WHAT YOU ARE ASKED TO DO: Reproduce the lines of the listing exactly, beginning at the top, until the line with "Suzanne Ramie, Madoura, Large White Plate" has been reproduced too.
INPUT START
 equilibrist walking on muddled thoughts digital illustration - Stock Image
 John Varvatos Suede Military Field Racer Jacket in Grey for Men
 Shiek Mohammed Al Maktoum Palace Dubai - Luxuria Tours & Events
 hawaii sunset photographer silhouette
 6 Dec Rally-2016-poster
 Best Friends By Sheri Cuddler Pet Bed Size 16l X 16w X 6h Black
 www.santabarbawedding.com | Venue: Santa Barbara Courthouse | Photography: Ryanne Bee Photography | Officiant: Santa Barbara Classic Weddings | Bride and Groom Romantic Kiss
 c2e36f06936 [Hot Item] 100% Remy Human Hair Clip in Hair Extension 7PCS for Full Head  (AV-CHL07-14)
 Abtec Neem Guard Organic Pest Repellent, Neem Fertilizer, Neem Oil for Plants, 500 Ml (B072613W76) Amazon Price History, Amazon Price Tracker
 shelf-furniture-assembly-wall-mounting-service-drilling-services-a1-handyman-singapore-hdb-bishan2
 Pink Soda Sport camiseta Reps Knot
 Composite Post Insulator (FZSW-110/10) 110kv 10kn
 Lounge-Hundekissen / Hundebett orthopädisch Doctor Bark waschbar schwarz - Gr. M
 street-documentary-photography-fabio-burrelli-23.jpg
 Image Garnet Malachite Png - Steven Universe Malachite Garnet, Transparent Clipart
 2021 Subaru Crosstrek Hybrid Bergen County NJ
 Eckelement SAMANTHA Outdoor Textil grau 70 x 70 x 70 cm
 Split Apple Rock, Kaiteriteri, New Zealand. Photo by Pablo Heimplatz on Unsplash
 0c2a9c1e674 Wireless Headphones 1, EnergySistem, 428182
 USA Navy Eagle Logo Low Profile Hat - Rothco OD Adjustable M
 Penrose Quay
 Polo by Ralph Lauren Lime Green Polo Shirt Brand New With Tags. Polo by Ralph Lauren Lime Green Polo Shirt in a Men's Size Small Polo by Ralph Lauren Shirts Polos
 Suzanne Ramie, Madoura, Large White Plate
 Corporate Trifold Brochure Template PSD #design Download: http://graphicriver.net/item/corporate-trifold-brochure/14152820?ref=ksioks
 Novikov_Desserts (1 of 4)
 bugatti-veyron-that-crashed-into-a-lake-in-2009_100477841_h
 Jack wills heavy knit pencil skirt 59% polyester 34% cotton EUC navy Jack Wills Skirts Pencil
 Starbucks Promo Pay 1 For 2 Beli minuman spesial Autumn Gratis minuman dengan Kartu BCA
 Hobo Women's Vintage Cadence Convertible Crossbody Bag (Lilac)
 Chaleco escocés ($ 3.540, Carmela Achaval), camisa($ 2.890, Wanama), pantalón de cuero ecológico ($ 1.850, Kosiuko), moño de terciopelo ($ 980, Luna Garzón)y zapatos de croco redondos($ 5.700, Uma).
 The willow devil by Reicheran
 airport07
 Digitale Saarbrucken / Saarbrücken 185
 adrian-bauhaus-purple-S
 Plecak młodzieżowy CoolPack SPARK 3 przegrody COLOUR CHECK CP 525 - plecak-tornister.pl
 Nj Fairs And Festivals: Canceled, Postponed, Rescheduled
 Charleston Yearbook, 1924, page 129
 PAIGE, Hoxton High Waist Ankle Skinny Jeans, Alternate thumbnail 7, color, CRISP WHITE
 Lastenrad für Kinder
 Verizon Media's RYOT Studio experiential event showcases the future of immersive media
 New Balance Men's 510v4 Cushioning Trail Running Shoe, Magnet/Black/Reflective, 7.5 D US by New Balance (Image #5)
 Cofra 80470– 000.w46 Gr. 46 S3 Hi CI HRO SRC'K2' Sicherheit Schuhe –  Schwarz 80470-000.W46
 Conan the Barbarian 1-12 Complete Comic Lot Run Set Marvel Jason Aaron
INPUT END
RESULT OF THIS TASK:
 equilibrist walking on muddled thoughts digital illustration - Stock Image
 John Varvatos Suede Military Field Racer Jacket in Grey for Men
 Shiek Mohammed Al Maktoum Palace Dubai - Luxuria Tours & Events
 hawaii sunset photographer silhouette
 6 Dec Rally-2016-poster
 Best Friends By Sheri Cuddler Pet Bed Size 16l X 16w X 6h Black
 www.santabarbawedding.com | Venue: Santa Barbara Courthouse | Photography: Ryanne Bee Photography | Officiant: Santa Barbara Classic Weddings | Bride and Groom Romantic Kiss
 c2e36f06936 [Hot Item] 100% Remy Human Hair Clip in Hair Extension 7PCS for Full Head  (AV-CHL07-14)
 Abtec Neem Guard Organic Pest Repellent, Neem Fertilizer, Neem Oil for Plants, 500 Ml (B072613W76) Amazon Price History, Amazon Price Tracker
 shelf-furniture-assembly-wall-mounting-service-drilling-services-a1-handyman-singapore-hdb-bishan2
 Pink Soda Sport camiseta Reps Knot
 Composite Post Insulator (FZSW-110/10) 110kv 10kn
 Lounge-Hundekissen / Hundebett orthopädisch Doctor Bark waschbar schwarz - Gr. M
 street-documentary-photography-fabio-burrelli-23.jpg
 Image Garnet Malachite Png - Steven Universe Malachite Garnet, Transparent Clipart
 2021 Subaru Crosstrek Hybrid Bergen County NJ
 Eckelement SAMANTHA Outdoor Textil grau 70 x 70 x 70 cm
 Split Apple Rock, Kaiteriteri, New Zealand. Photo by Pablo Heimplatz on Unsplash
 0c2a9c1e674 Wireless Headphones 1, EnergySistem, 428182
 USA Navy Eagle Logo Low Profile Hat - Rothco OD Adjustable M
 Penrose Quay
 Polo by Ralph Lauren Lime Green Polo Shirt Brand New With Tags. Polo by Ralph Lauren Lime Green Polo Shirt in a Men's Size Small Polo by Ralph Lauren Shirts Polos
 Suzanne Ramie, Madoura, Large White Plate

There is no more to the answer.